The debate – in hindsight, a foregone conclusion – pitted old nationalists against new nationalists, or Red Ensign nationalists who emphasized Canada’s Britishness against Maple Leaf nationalists seeking to accommodate Canada’s bilingual and multicultural realities. Familiar arguments were rehashed. To its proponents, dominion had a rich history, while its Biblical origins were a statement of God’s omnipotence and a reminder of Canada’s status as a Christian country. But to its opponents, it had run its course. To quote one cabinet minister, “Canadians see themselves not as citizens of a Dominion – with its suggestion of control, dominance, and colonialism – but as citizens of a proud and independent nation.” Besides, he said, dominion can’t be easily translated into French. And with that, Parliament amended the Holidays Act in July 1982 to rename Dominion Day as Canada Day.
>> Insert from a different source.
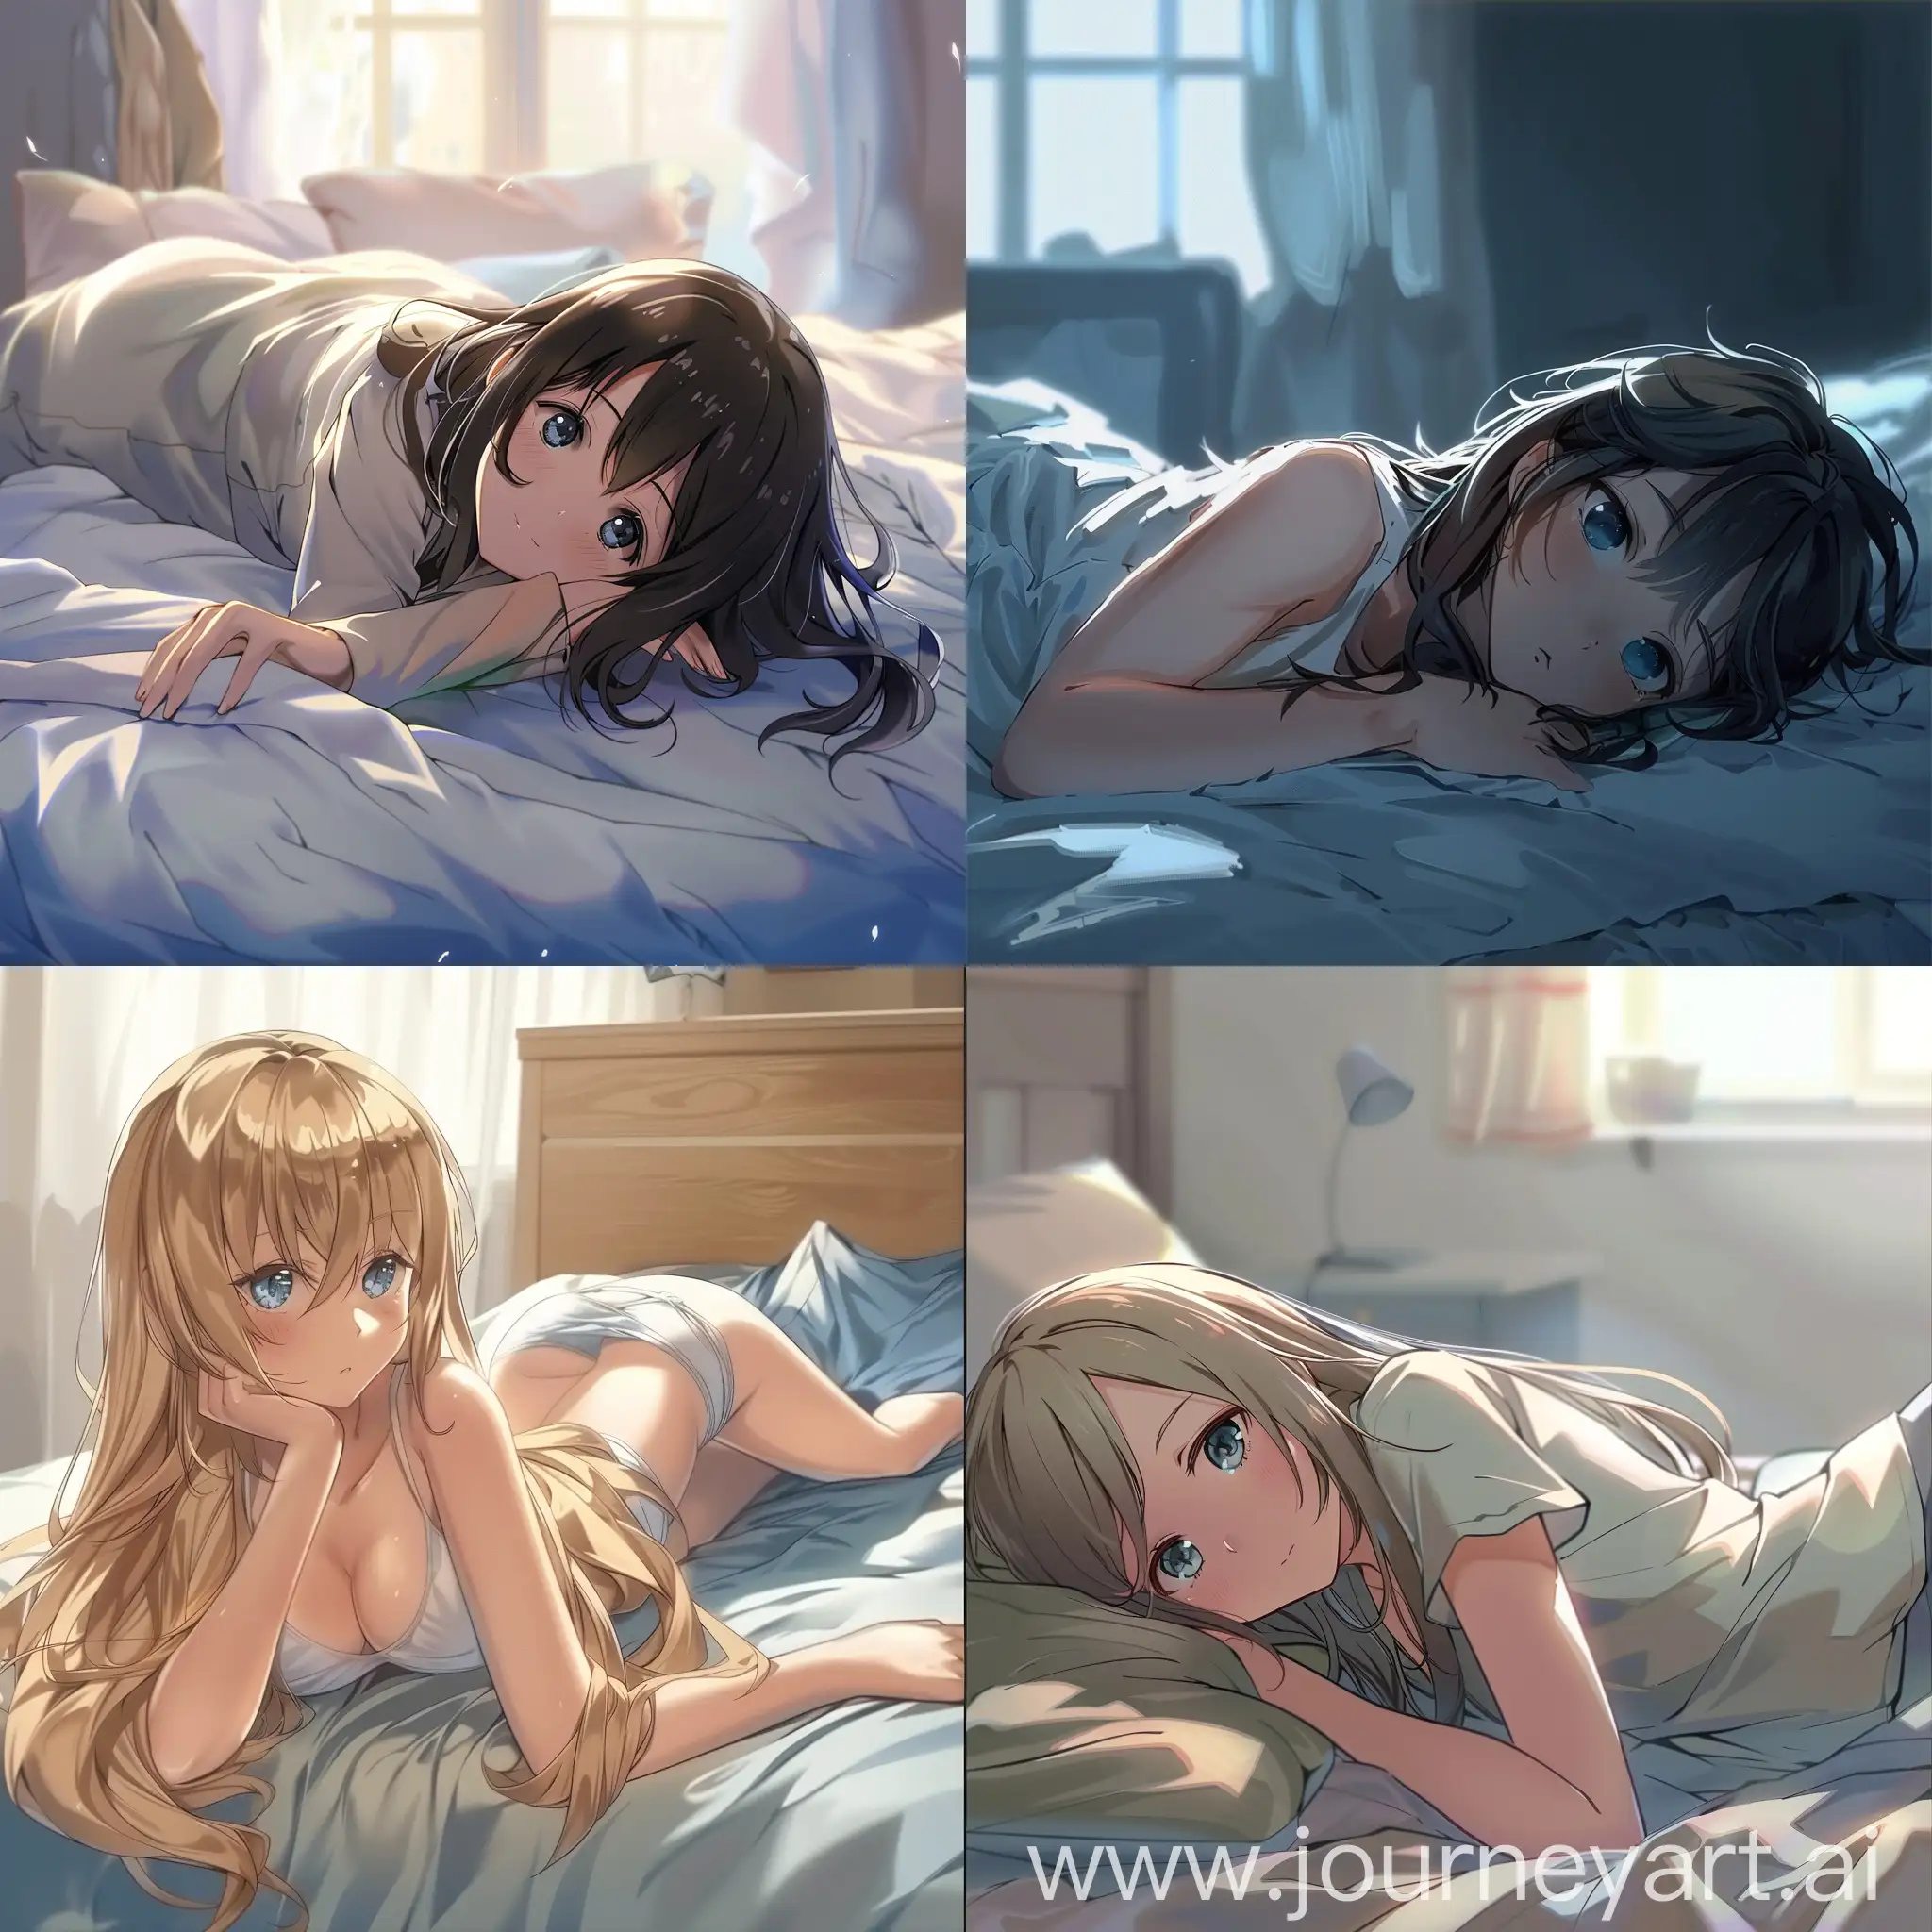 anime girl laying down on bed

Like the statues coming down and the buildings being renamed, Dominion Day never stood a chance: although it could draw on the past, it couldn’t point to the future. Canada Day, however, was capacious, meaning different things to different people: freedom, tolerance, equality, diversity, and security. As one member of Parliament explained, “We are all minority groups. Canada is a nation of minorities.”
He was right, of course. But thinking about Canada Day in this moment of renewed focus on race and racism – when countless voices insist that Black Lives Matter and Indigenous Lives Matter, when interactions between police and black people and indigenous people can go horribly wrong, and when politicians struggle to find the right note – I am reminded that “we” and “us” are elusive, if not impossible, and that some Canadians are more minority than other Canadians.